Anna Bradley

The law requires firms to use contract terms that are fair and our Statement sets out how firms might go about achieving this.

 

FSA/PN/051/2005
19 May 2005

The Financial Services Authority today set out the standards it expects regulated financial services firms to meet when writing contracts for their products and services. The watchdog has issued a Statement of Good Practice about fairness of contract terms as part of its work to help retail customers achieve a fair deal, one of its three business priorities.

One area of particular concern is contracts which give a firm unilateral power to vary charges after the contract has been signed, so-called "variation clauses". These often apply to interest rates on savings and deposit accounts and residential mortgages, and to premiums for certain life and long term health insurance contracts such as critical illness and long term care policies.

Anna Bradley, FSA Director Retail Themes, said:

"Contracts define the terms of the deals customers get, but for the most part customers have no influence over what goes into them. The law requires firms to use contract terms that are fair and our Statement sets out how firms might go about achieving this.  

Being fair is all about getting the right balance between the firm and the consumer. For example the power to vary insurance premiums in long-term health contracts is not inherently unfair and consumers may benefit from a lower premium. But the contract cannot be so one-sided that the firm can then do as it pleases when it is reviewed. When first taking out the contract consumers need to know the reasons why the premium charged might change and whether and when they will be told about that change.

Where we have considered a term to be unfair, we have obtained an undertaking from the firm to cease to apply the term and to amend it for the future, and we have then published that undertaking on our website."

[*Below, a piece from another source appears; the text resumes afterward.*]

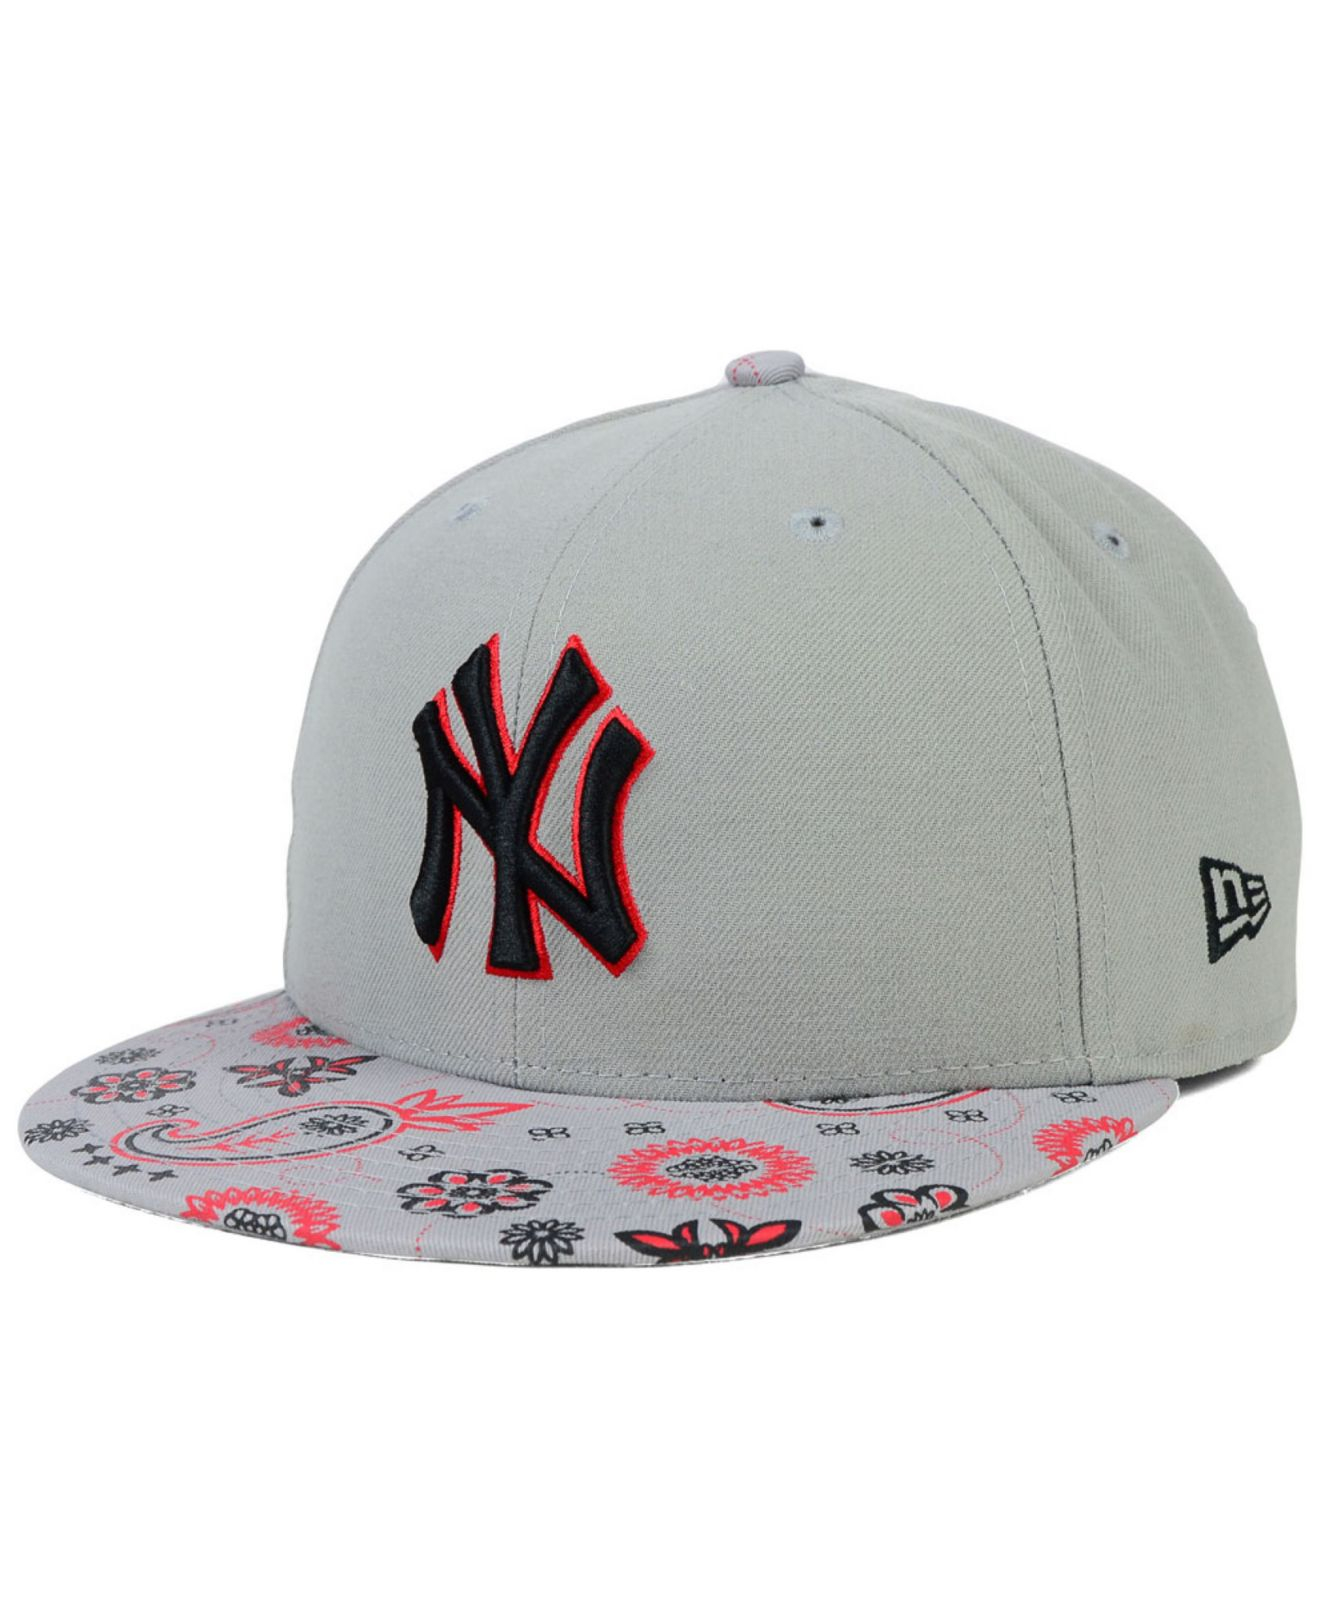 4f7e548d0ba ... australia lyst ktz new york yankees paisley time 59fifty cap in blue  for men e5746 5fd06 ...
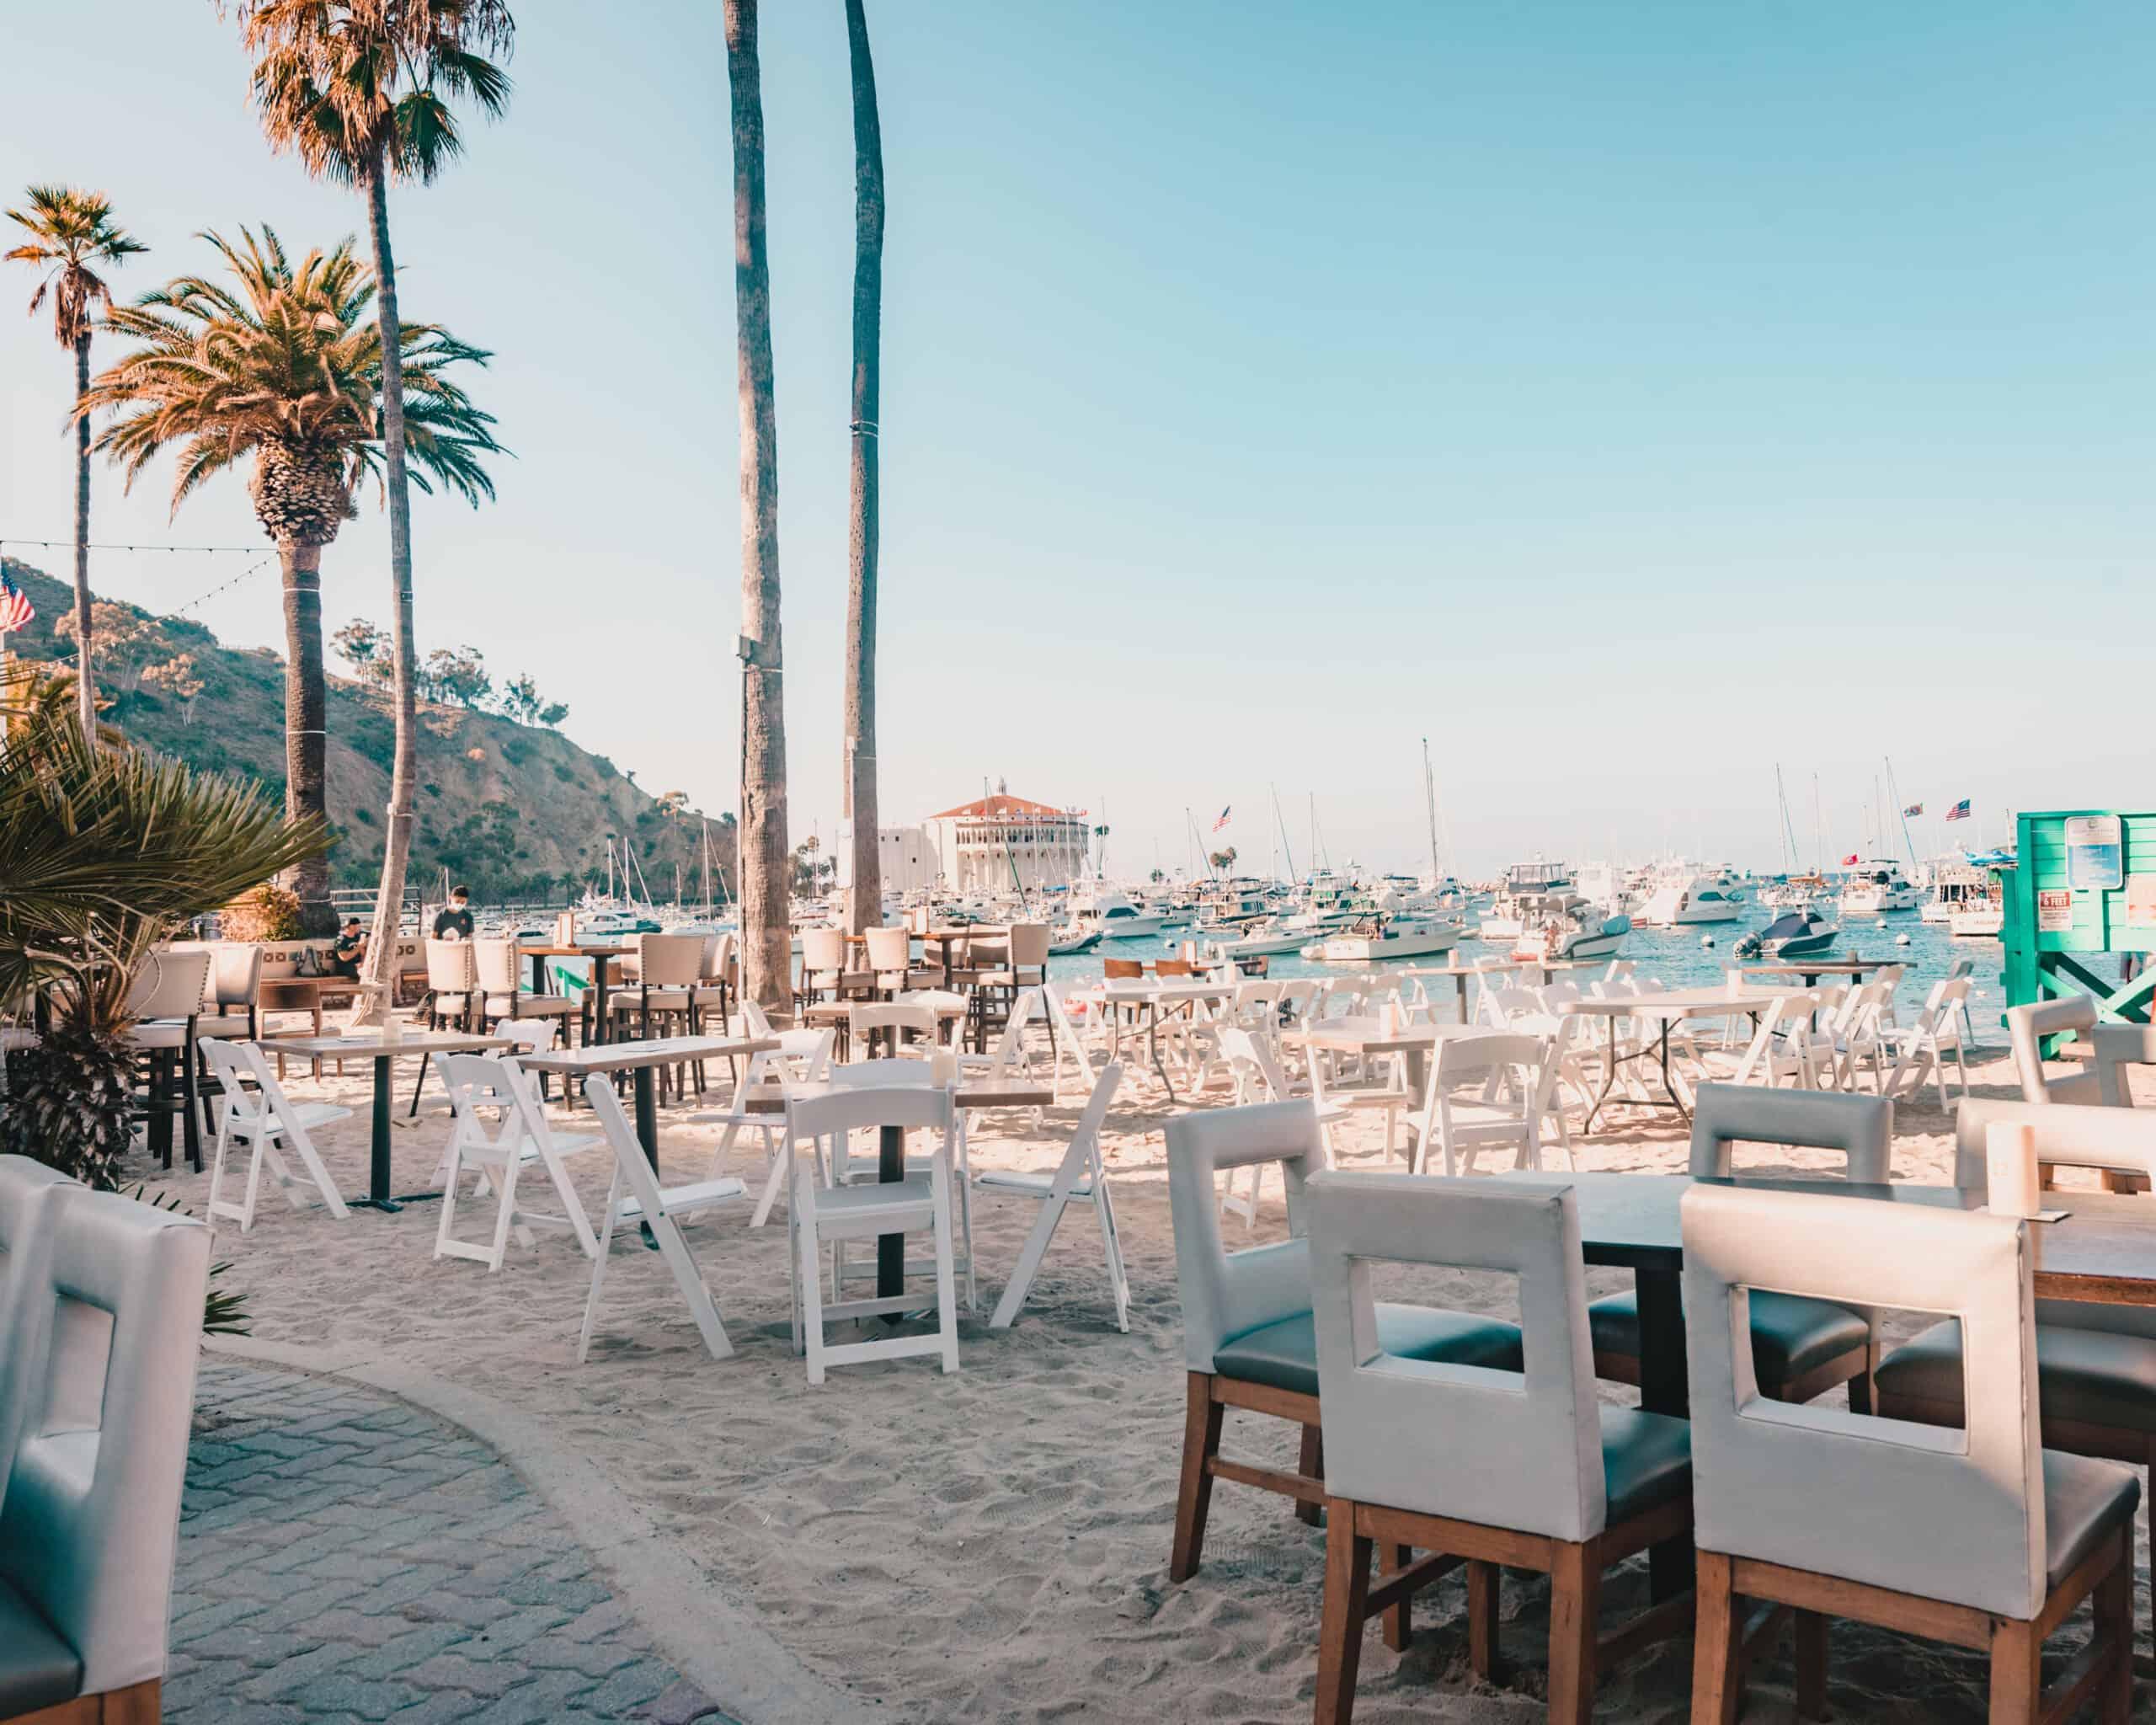 Outdoor Dining Santa Catalina Island, California

The Statement has been produced in the context of the FSA’s role as Qualifying Body (enforcement authority) for financial services firms under the Unfair Contract Terms Regulations. In keeping with the FSA's preference for principles-based regulation, it does not introduce any new rules.  

Notes to editors

  1. The Unfair Terms in Consumer Contracts Regulations apply to standard form consumer contracts which have not been individually negotiated with consumers. They apply to contracts entered into since 1 July 1995 and protect consumers against abuse by firms of the power that one-sided standard form contracts may give firms by making unfair terms unenforceable.
  2. Fairness of Terms in Consumer Contracts: Statement of Good Practice is addressed to firms regulated by the FSA. However, it is also of interest to consumers for the attention it draws to the protections that are given to them by the Regulations and what they need to look out for when signing contracts. We will shortly incorporate the Statement into our web pages dealing with the Regulations and on which we publish the undertakings we are given by firms to amend their contract terms so that they are fair.
  3. The FSA will shortly be inviting industry and consumer representatives to a round table to review the effect of the Statement and the practical issues arising from it.
  4. The FSA regulates the financial services industry and has four objectives under the Financial Services and Markets Act 2000: maintaining market confidence; promoting public understanding of the financial system; securing the appropriate degree of protection for consumers; and fighting financial crime.
  5. The FSA aims to promote efficient, orderly and fair markets, help retail consumers achieve a fair deal, and improve its business capability and effectiveness.